Increasing death rates from opioid overdoses among whites have been widely documented, but less well-known is the increase in cocaine-related overdoses among blacks, as the National Cancer Institute (NCI) reported last week in the Annals of Internal Medicine. Using complete U.S. death certificate data from the Centers for Disease Control and Prevention’s National Center for Health Statistics, Meredith S. Shiels, Ph.D., and colleagues compared data from 2000–2003 with data from 2012–2015. They found that total overdose death rates increased among blacks (6.1 to 9.0 per 100,000 person years), Hispanics (4.2 to 6.0) and whites (5.6 to 15.5). Broken down by age and race, however, increases were most pronounced for older blacks (men over 50 and women over 45).

The most common contributor to overdose deaths in whites was opioids, but for blacks, cocaine was the largest contributor to overdose. Between 2012 and 2015, cocaine-related overdose deaths were almost as common in black men as deaths due to opioids in white men (7.6 vs. 7.9). Cocaine-related deaths declined between 2008 and 2011, and then increased between 2012 and 2015.

The largest recent increases in drug overdose deaths for blacks and Hispanics were due to heroin, although there were also increases due to other opioids, benzodiazepines and psychostimulants.

The researchers noted that “important public health measures have been initiated, particular in heavily affected areas” in response to opioid deaths among whites. But overdose deaths among blacks and Hispanics “are an important, long-term public health problem that is often overlooked.” Their results are probably underestimates, they said, because about 20 percent of deaths classified as unintentional overdoses miss a contributing drug.

Researchers urged additional research to understand the increasing rates of overdose among older black men and women. In addition, they say it’s essential to focus on preventing cocaine-related deaths, which disproportionately affect older blacks.

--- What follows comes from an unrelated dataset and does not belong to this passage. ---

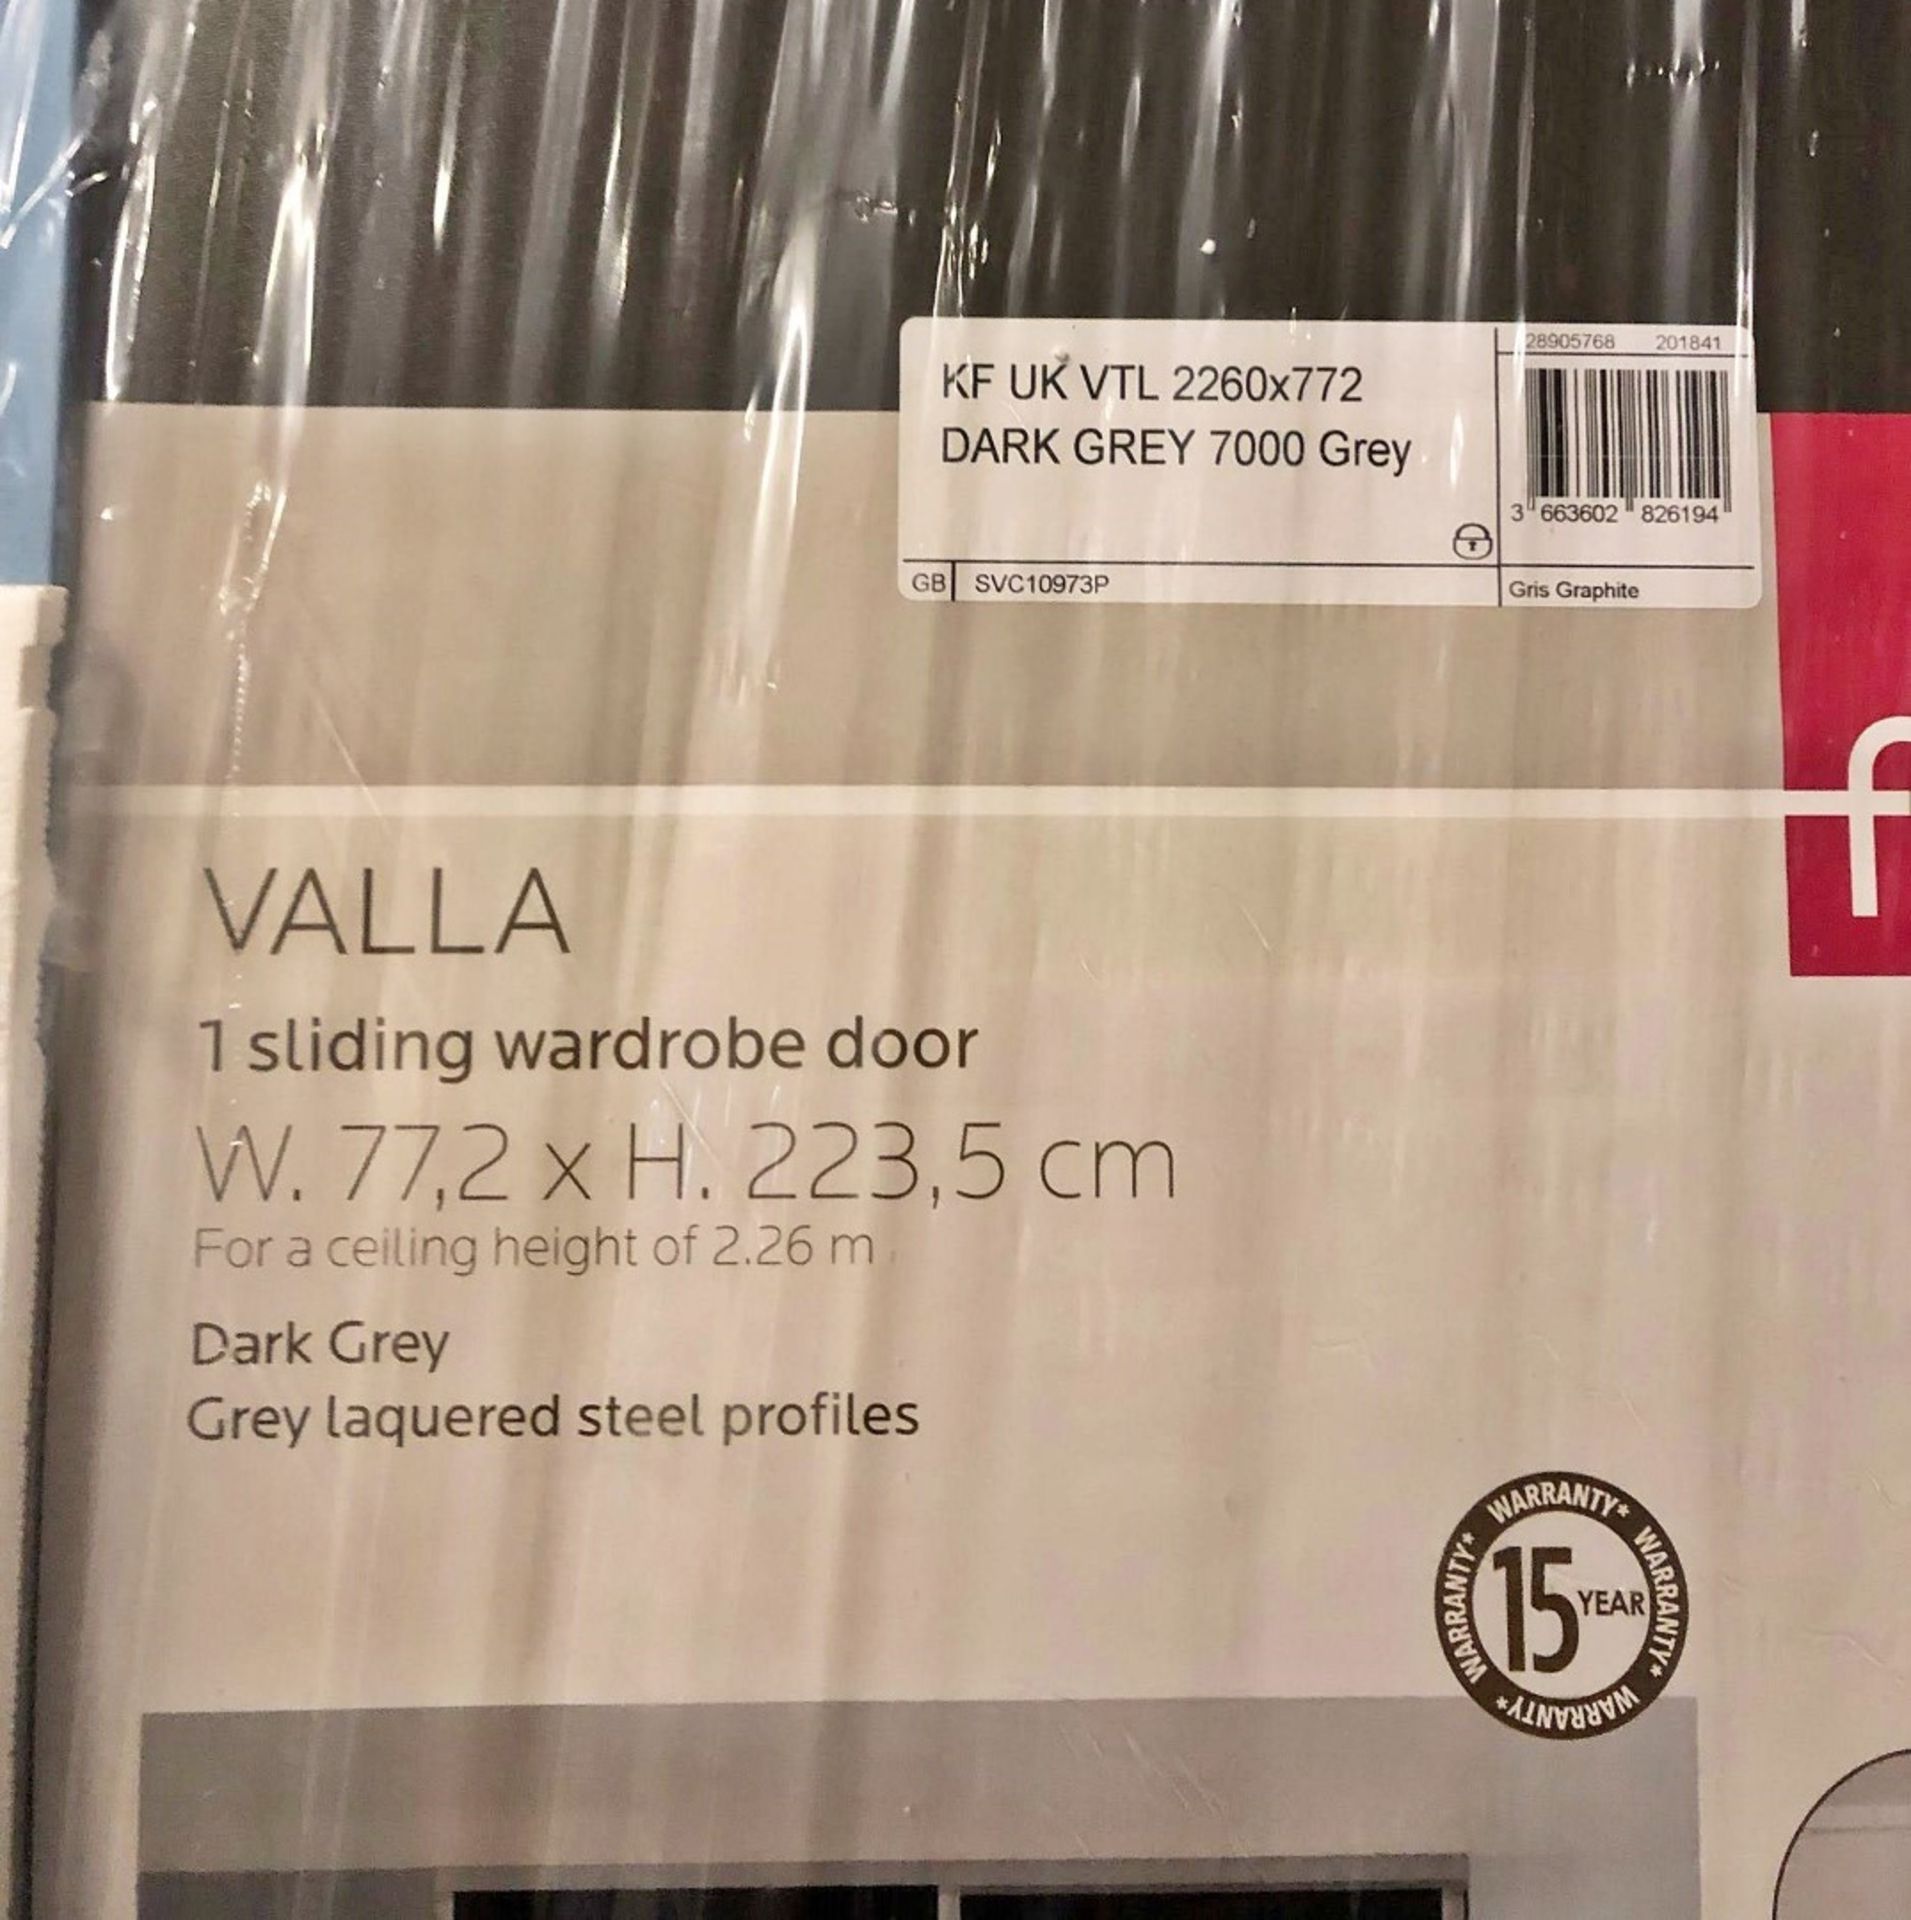 1 x VALLA 1 Sliding Wardrobe Door In Dark Grey With Grey Lacquered Steel Profiles - CL373 - Ref: NC2 - Bild 6 aus 6

Harms of single-drug focus, racial disparity in coverage

The article, “Trends in U.S. Drug Overdose Deaths in Non-Hispanic Black, Hispanic, and Non-Hispanic White Persons, 2000–2015,” underscores two important problems in current drug policy, said H. Westley Clark, M.D., J.D., Dean’s Executive Professor at Santa Clara University: focusing on opioids only, and racial discrimination..

“A single drug focus belies the nature of drug problems,” Clark told ADAW. The Cures Act devoted $1 billion for the opioid epidemic, “but alcohol, cocaine and methamphetamine have been forgotten,” he said. “People dying because of alcohol, cocaine, methamphetamine or any other psychoactive substance are no less important than people dying from opioids.”

The report also brings to light a complaint that many blacks have been making, said Clark. “When African Americans die of drug overdoses, it gets ignored. When whites die of drug overdoses, the whole world listens, from politicians, Big Pharma, researchers and the FDA to the media. When African Americans die, it isn’t news,” he said.

Clark noted that blacks in the public health workforce are “particularly sensitive to the epidemiological reality” that the authors at the NCI, which is part of the National Institutes of Health (NIH), uncovered. “This report demonstrates why African Americans and other people of color in the public health workforce are essential to the public health paradigm,” said Clark. “I commend the NIH researchers for asking the question about race and drugs,” he said. “Their paper provides some of the answers. Now we need to do something. The public health effort should not be to focus on younger whites while ignoring older blacks.”

Much media coverage of opioid overdoses has focused on young white people, many of them in suburbia. The question, said Clark, is why it has taken so long for the disparity in overdose reporting to come to light.

Surgeon general’s report

Clark recommends 2016’s Facing Addiction in America: The Surgeon General’s Report on Alcohol, Drugs, and Health as a framework for a comprehensive strategy that relies on science, prevention, treatment and recovery. Clark, one of the science editors of the report, noted that it “recognizes neurobiologically that psychoactive substance use operates for different people in different ways, but that there is a need for a comprehensive focus.”

The comprehensive strategy recommend by the surgeon general’s report “would allow resources to be used where they are needed,” said Clark. “A population-based prevention strategy would recognize the unique needs of those communities where African Americans live, just as a similar strategy would address the public health needs of the non–African American communities.”

As Congress considers additional funding for substance use issues, it “should look for solutions that address the broader epidemic, not just those aspects of the epidemic that affect white people,” said Clark. “The Congressional Black Caucus and its Health Braintrust should mobilize its colleagues on the Hill to make sure that future legislation addressing drug use includes provisions dealing with the drug use landscape, so that the deaths of African-American drug users due to cocaine are not ignored by public policy.”